A single number is the answer: the count of lines in the records that hold the word "Nike".

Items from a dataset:
---*---

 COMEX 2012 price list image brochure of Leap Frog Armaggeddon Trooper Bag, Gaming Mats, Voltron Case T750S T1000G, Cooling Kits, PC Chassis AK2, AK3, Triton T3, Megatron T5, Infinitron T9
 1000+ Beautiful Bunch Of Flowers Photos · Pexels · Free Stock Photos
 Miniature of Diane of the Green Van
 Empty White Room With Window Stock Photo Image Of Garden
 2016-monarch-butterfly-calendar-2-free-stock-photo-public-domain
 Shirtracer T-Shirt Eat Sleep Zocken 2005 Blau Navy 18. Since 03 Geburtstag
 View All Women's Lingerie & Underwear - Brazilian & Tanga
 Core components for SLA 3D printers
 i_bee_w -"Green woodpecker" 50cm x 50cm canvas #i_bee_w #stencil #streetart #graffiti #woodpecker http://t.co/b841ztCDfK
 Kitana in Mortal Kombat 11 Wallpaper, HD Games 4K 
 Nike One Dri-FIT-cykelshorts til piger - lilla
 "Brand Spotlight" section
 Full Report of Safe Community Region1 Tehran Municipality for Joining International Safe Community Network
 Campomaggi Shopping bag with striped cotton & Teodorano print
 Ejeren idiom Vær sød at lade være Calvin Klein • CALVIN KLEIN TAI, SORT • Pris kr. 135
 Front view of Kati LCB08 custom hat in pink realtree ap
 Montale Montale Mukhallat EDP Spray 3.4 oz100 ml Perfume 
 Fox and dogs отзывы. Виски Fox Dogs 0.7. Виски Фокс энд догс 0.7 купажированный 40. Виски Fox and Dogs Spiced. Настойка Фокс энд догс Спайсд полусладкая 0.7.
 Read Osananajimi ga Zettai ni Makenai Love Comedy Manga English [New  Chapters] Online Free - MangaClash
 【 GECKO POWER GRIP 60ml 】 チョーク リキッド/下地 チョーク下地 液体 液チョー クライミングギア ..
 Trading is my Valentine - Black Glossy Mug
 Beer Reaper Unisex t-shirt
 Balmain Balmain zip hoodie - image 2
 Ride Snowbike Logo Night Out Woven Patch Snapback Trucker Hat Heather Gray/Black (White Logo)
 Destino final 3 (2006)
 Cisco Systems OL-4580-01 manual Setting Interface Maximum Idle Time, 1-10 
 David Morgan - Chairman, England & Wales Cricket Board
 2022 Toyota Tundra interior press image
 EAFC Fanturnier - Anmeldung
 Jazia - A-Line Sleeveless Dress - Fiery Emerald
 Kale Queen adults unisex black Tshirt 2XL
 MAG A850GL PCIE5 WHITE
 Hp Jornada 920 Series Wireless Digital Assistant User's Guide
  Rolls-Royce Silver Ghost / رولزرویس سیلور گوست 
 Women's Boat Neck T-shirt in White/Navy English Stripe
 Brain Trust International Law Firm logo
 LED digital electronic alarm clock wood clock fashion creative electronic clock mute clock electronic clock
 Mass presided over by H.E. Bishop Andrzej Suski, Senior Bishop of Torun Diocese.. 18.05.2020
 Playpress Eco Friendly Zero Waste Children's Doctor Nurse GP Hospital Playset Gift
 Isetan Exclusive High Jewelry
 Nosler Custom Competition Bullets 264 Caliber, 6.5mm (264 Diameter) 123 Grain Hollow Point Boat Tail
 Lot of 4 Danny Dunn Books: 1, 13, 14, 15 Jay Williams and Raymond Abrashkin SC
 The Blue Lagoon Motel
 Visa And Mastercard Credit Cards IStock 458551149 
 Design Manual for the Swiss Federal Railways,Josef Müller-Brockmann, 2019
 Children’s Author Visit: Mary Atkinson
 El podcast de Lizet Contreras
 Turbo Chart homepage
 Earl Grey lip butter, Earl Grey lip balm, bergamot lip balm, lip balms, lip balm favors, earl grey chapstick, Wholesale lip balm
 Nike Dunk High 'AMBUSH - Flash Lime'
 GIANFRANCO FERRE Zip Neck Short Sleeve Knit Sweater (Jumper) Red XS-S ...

---*---

▶ **TASK RESPONSE**: 2